- Your goal -
All that is wanted is the line with "テリ最強 極美品 アコヤ真珠" and each line after it to the end of the data below, set down exactly and without pictures.

- Data extract -
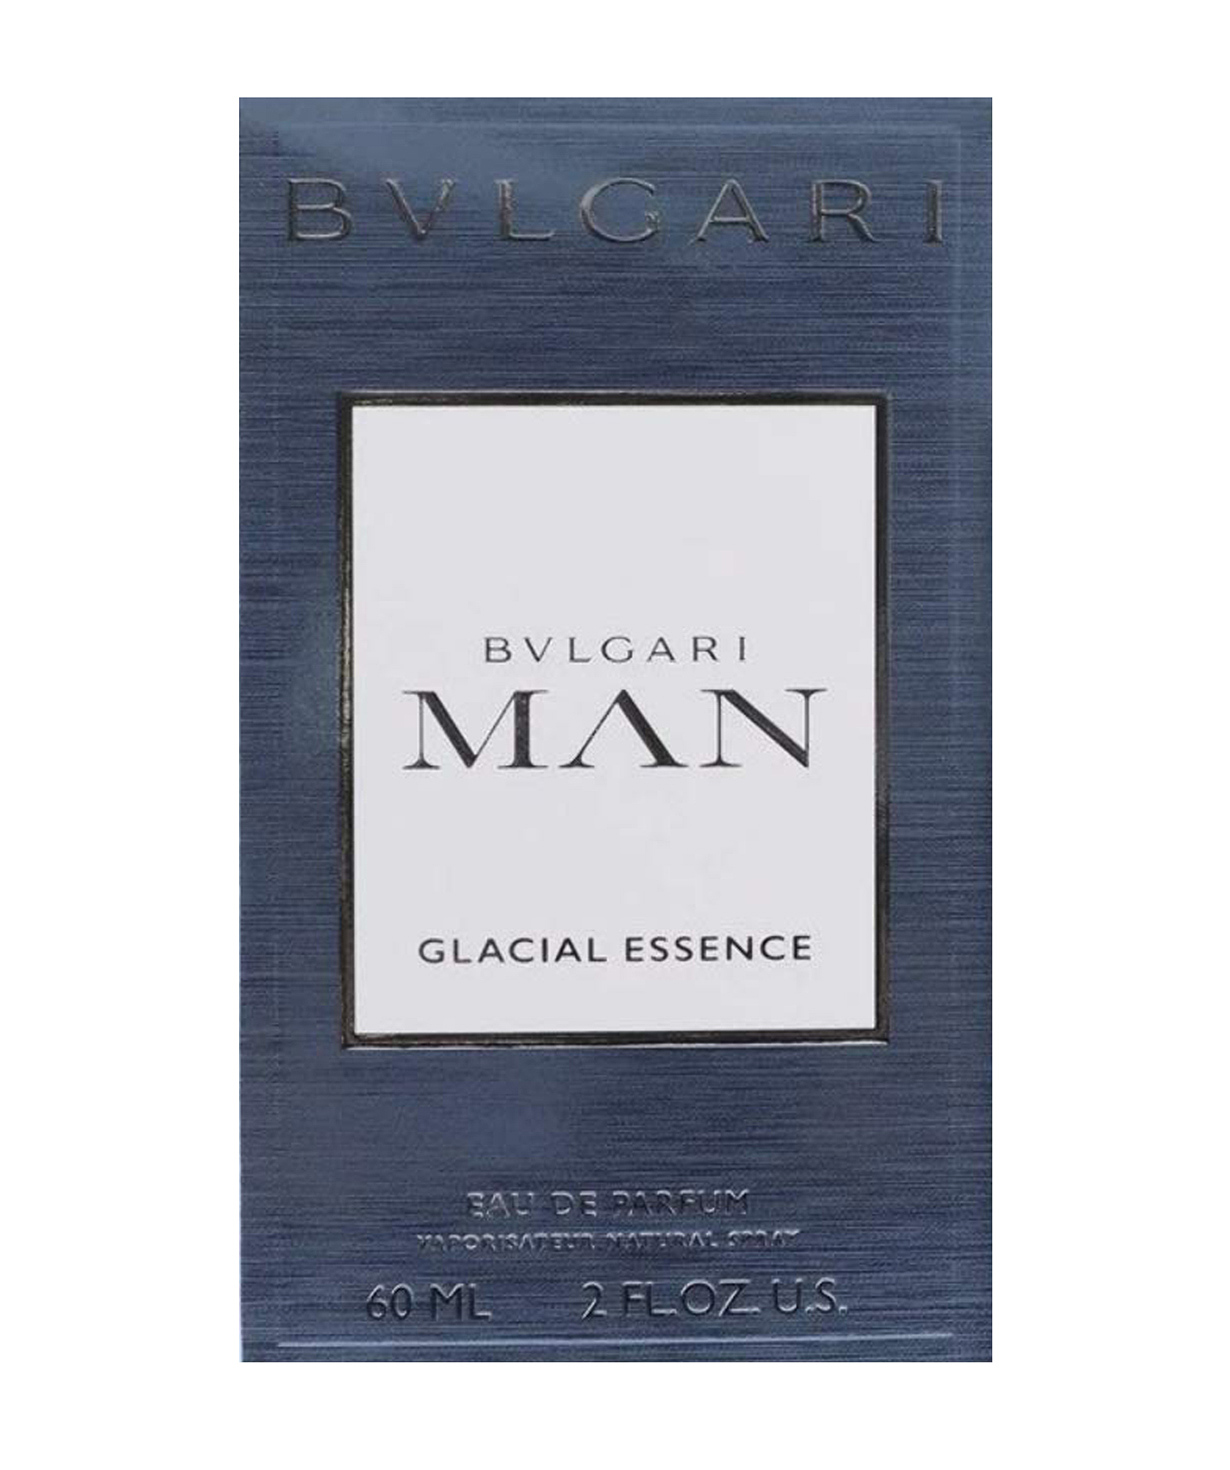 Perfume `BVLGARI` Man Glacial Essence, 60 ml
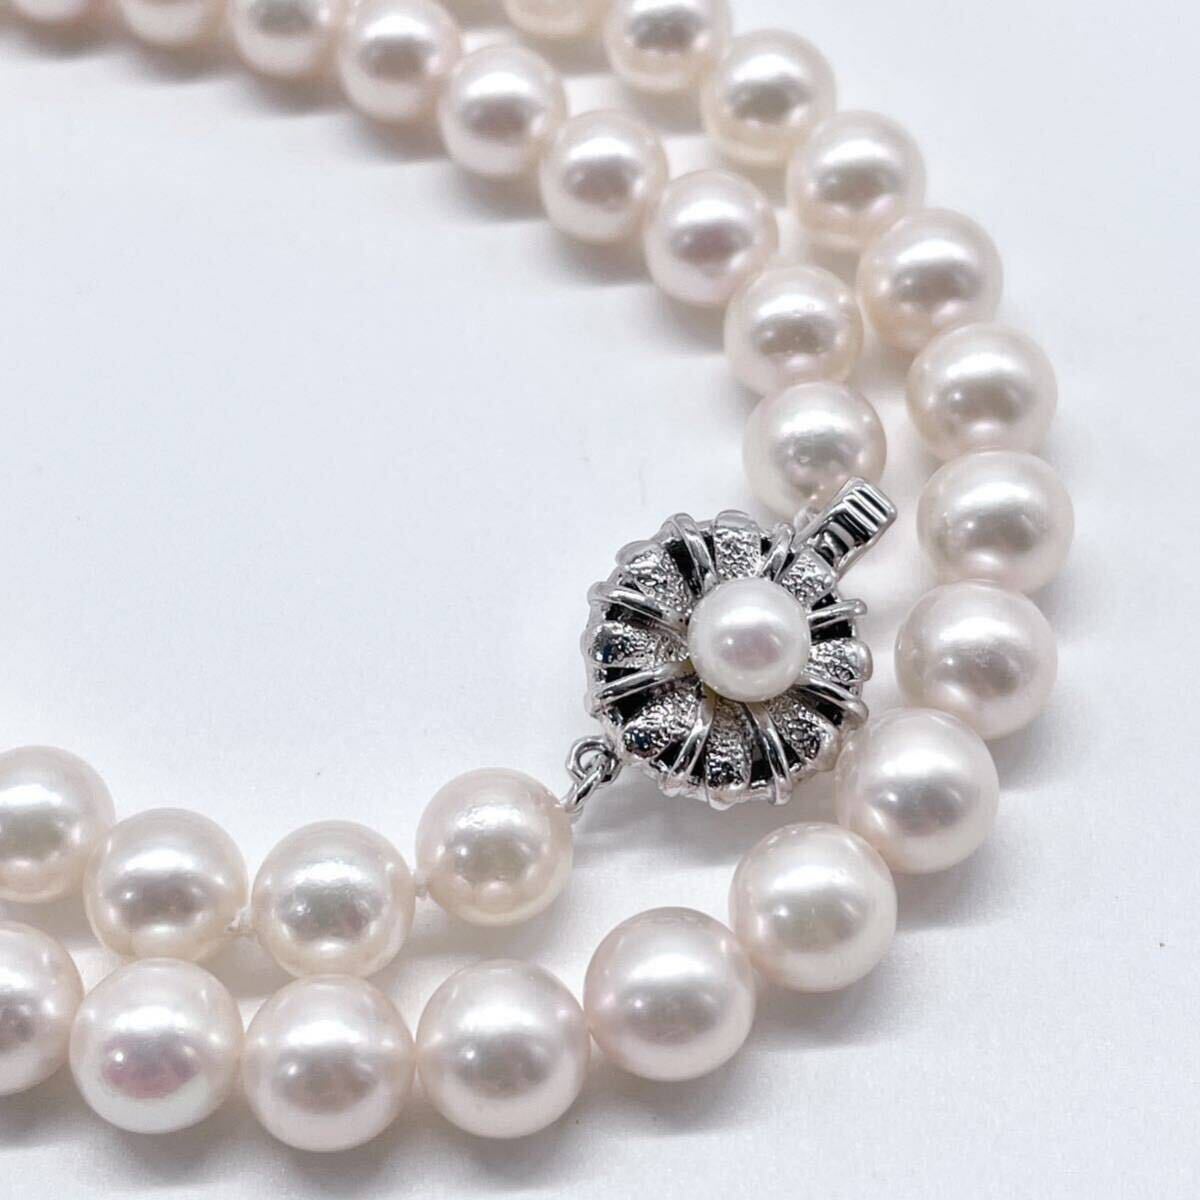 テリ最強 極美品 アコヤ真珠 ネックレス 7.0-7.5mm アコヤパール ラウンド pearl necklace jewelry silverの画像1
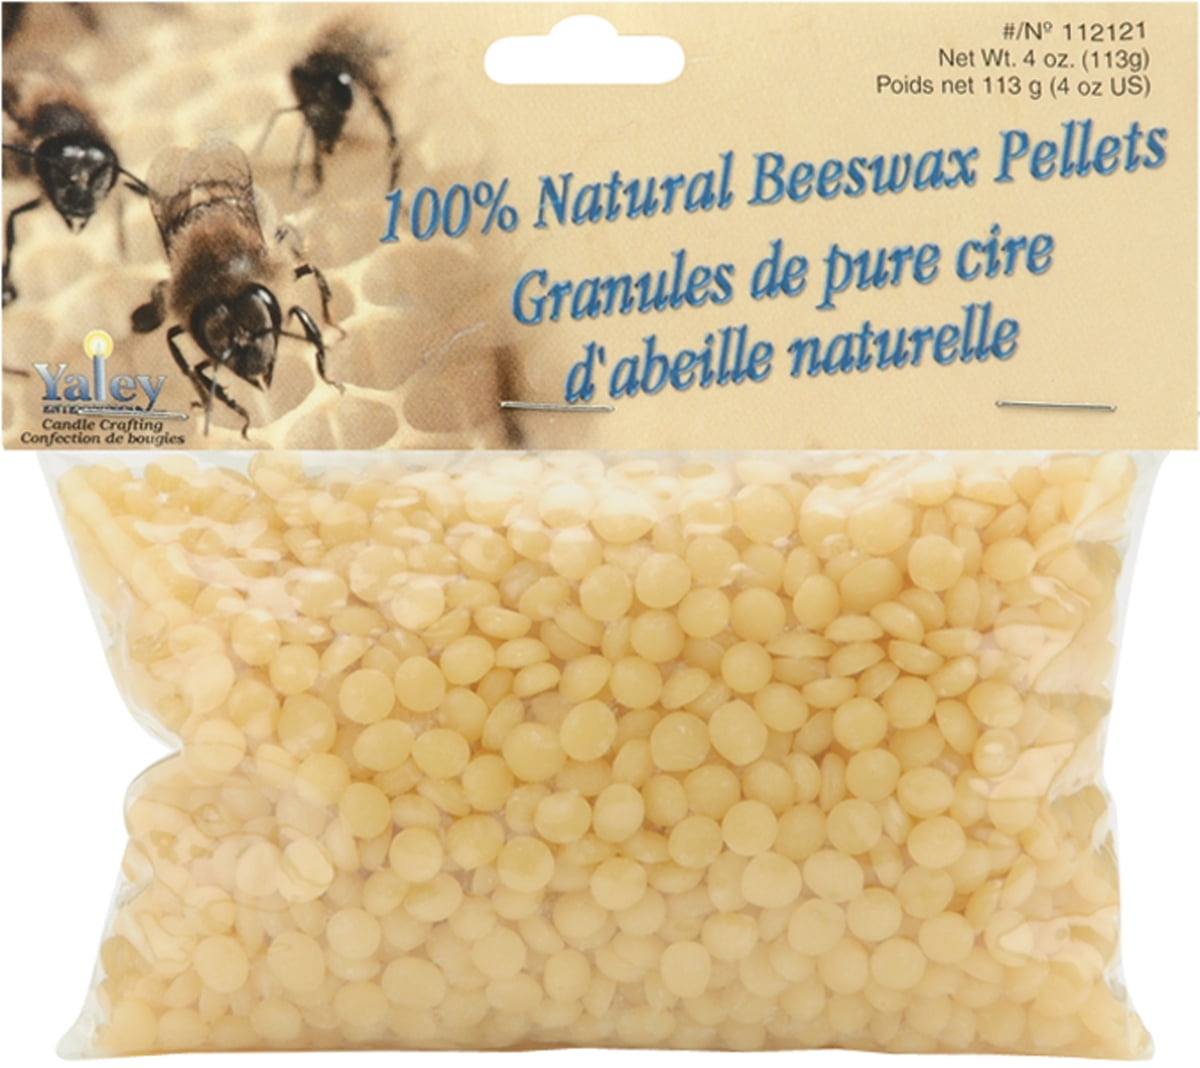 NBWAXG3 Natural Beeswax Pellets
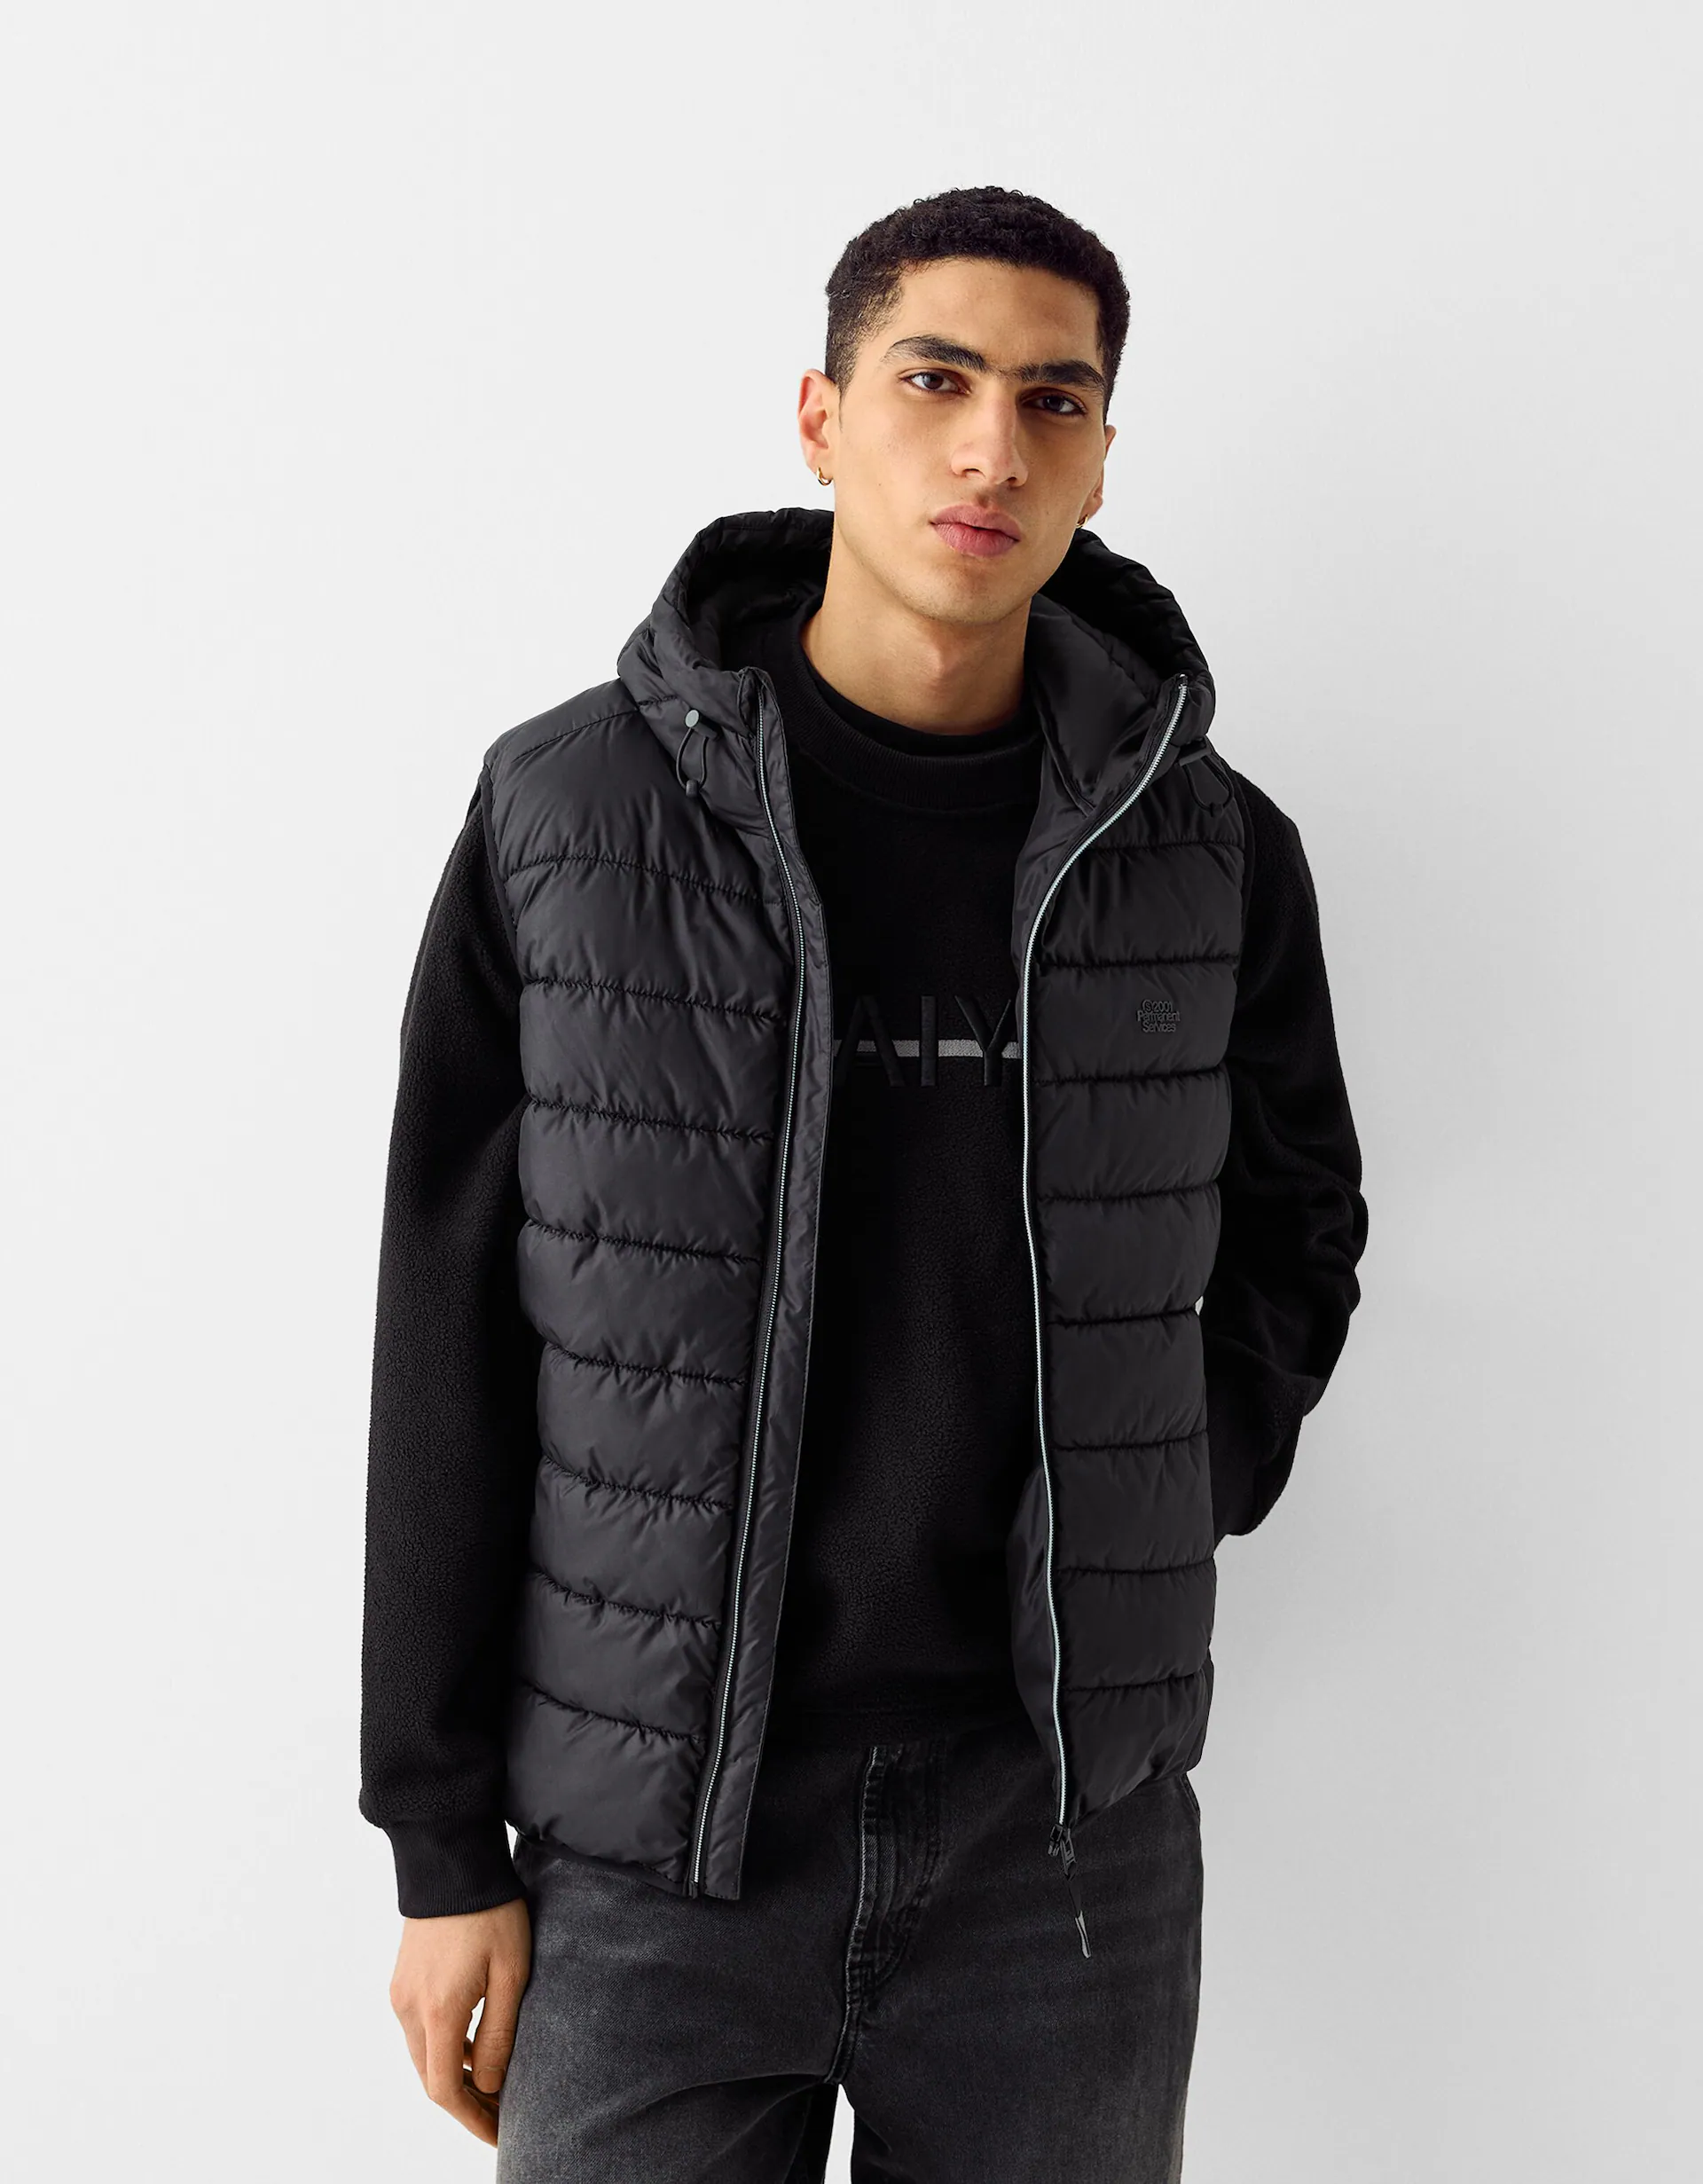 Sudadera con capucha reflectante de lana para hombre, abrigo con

- Response for this exercise -
 テリ最強 極美品 アコヤ真珠 ネックレス 7.0-7.5mm アコヤパール ラウンド pearl necklace jewelry silverの画像1
 NBWAXG3 Natural Beeswax Pellets
 Sudadera con capucha reflectante de lana para hombre, abrigo con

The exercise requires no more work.